Julia Flux Embeddings

Flux Embedding Vectors

  • Flux provides Embedding Vectors
    • these layers accept an index, and return a vector
      • or several indices, and several vectors
    • the possible embedding vectors are learned parameters

Flux.Embedding - Type `Embedding(in => out; init=randn32)`

  • a lookup table that stores embeddings of dimension `out` for a vocab of size `in`
    • as a trainable matrix
  • this layer is often used to store word embeddings and retrieve them using indices
    • input to the layer can be a vocabulary index `1:in`
      • an array of indices, or the corresponding onehotencoding
  • for indices `x`, the result is of size `(out, size(x)…)`
    • allowing for several batch dimensions, for one-hot `ohx`
      • the result is of size `(out, size(ohx)[2:end]…)`
using Flux
emb = Embedding(26 => 4, init=Flux.indentity_init(gain=22))
emb([3, 1, 20, 14, 4, 15, 7])  # vocabulary indices, in 1:26
ans == emb(Flux.onehotbatch("cat&dog", 'a':'z', 'n'))
emb(rand(1:26, (10, 1, 12))) |> size  # three batch dimensions

Transformers.jl Embed

  • we define an abstract type for embeddings
    • and a concrete implementation of the abstract type
      • the Embedding Layer, `size`, is the hidden size and `vocabsize` is number of vocabulary

just a wrapper for the embedding matrix

abstract type AbstractEmbedding end

struct Embed{F, E <: AbstractArray} <: AbstractEmbedding
    scale::F
    embeddings::E
end

@functor Embed (embeddings,)
Embed(embeddings::AbstractArray; scale = nothing) = Embed(scale, embeddings)
Embed(hidden_size::Int, vocab_size::Int; scale = nothing) = Embed(scale, randn(Float32, hidden_size, vocab_size))
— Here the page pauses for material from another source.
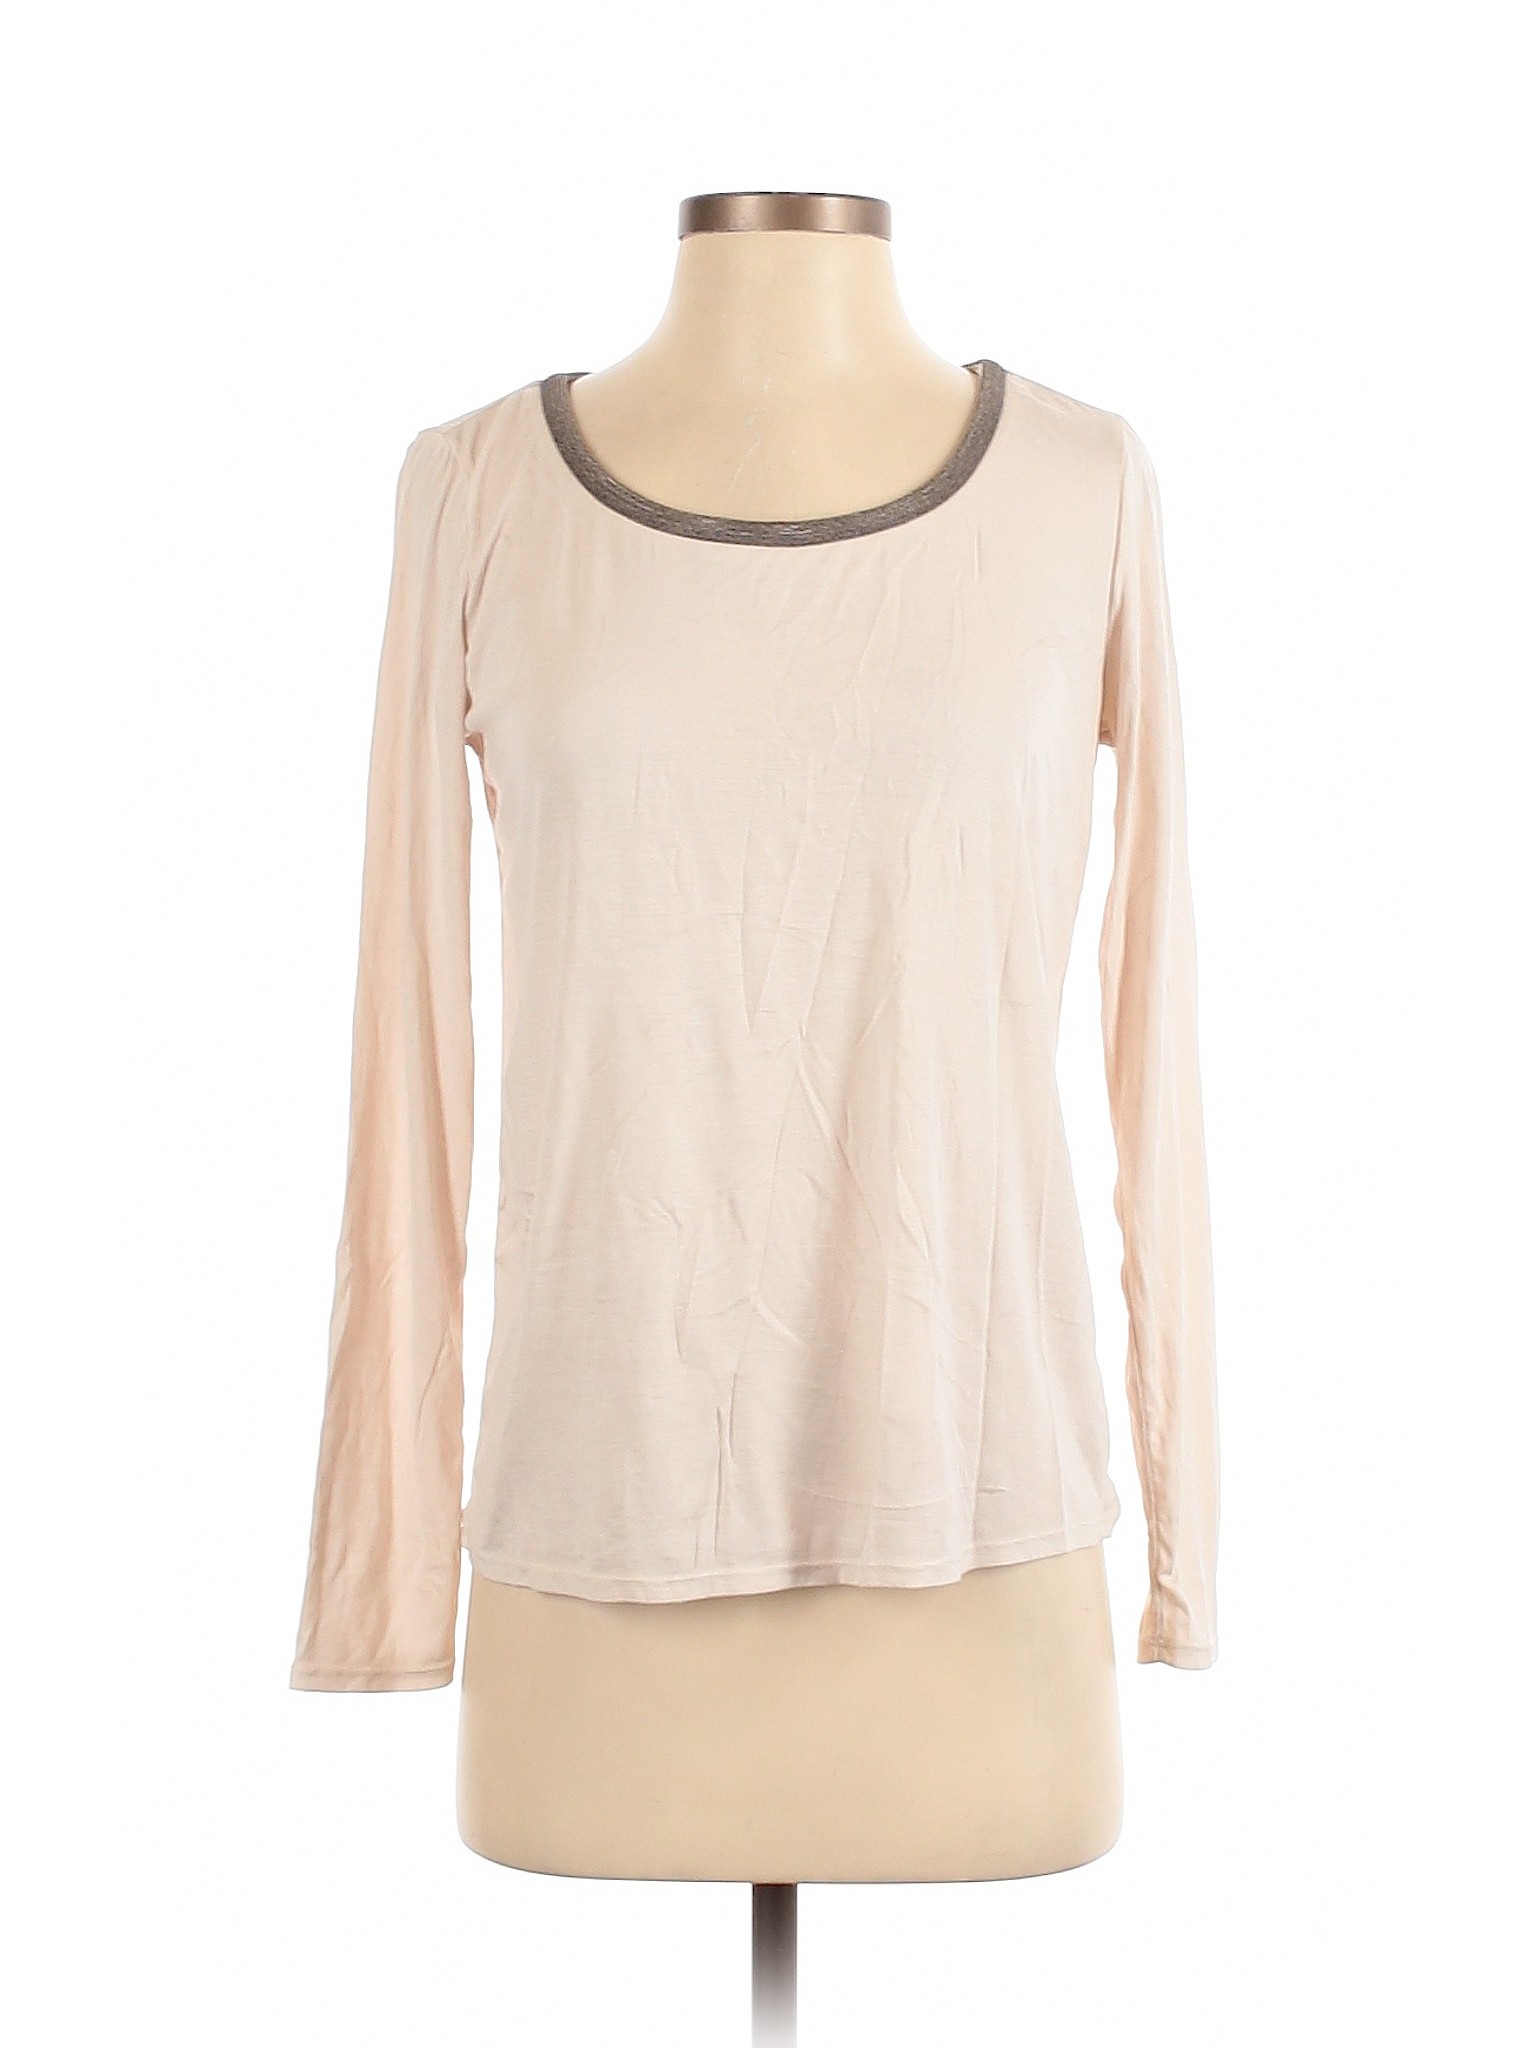 Sigrid Olsen Women Pink Long Sleeve T-Shirt S | eBay

(embed::Embed{Nothing})(x) = NNlib.gather(embed.embeddings, x)
function (embed::Embed)(x)
    y = NNlib.gather(embed.embeddings, x)
    return y .* convert(eltype(y), embed.scale)
end
  • flux models are deeply nested structures and Functors.jl provides tools needed to explore those objects
    • applies funcs to the params they contain e.g. moving them to the gpu and re-build them
  • Many of the functions used by Flux.jl are provided by NNLib
    • such as softmax, sigmoid, batched multiplication, convolutions, and pooling
    • Also for use with auto-differentiation, NNLib defines gradients using ChainRules.jl, which will be seen by Zygote.jl

Transformers.jl also contains EmbedDecoder, a layer that shares weight with an embedding layer and returns the logit

  • ChainRulesCore.rrule extends the primal computation method
    • can be checked against ChainRulesTestUtils

rrule dispatches on `typeof` of the function we are writing the `rrule` for

  • as well as the types of its arguments
  • it returns the primal result y and the pullback function

Transformers defines a rrule for EmbedDecoder

Functors.jl basic usage and implementation

  • it is allowed to look into the fields of the instances of any struct
    • and modify them
      • achieved through Functors.fmap
        • a structure and type preserving map
          • transforms every leaf node by applying function `f`
            • and otherwise traverses `x` recursively using Functors.functor
              • `functor(x)` returns a tuple containing a NamedTuple of the children of `x` and a reconstruction function
        • to opt out of this behaviour
          • mark a custom type as non-traversable `@leaf`

to include only certain fields of a struct, one can pass a tuple of fieldnames to @functor

struct Baz
    x
    y
end

@functor Baz(x,)
model = Baz(1,2)
# Baz(1, 2)
fmap(float, model)
# Baz(1.0, 2)

NNLib gather

Flux's Embedding layer uses NNlib.gather as its backend

NNlib.gather(src, idx) -> dst

NNlib.gather([1,20,300,4000], [2,4,2])
#3-element Vector{Int64}:
#   20
# 4000
#   20
NNlib.gather([1 2 3; 4 5 6], [1,3,1,3,1])
#2×5 Matrix{Int64}:
# 1  3  1  3  1
# 4  6  4  6  4
  • reverse operation of `scatter`
    • gathers data from source `src` and writes its in a destination `dst` according to the index array `idx`
      • for each `k` in `CartesianIndices(idx)` assign values to `dst` according to dst[:, … , k] .= src[:, …, idx[k]…]
      • notice that if `idx` is a vector containing integers and `src` is a matrix
        • previous expression simplifies to dst[:, k] .= src[:, idx[k]]
        • and `k` will run over `1:length(idx)`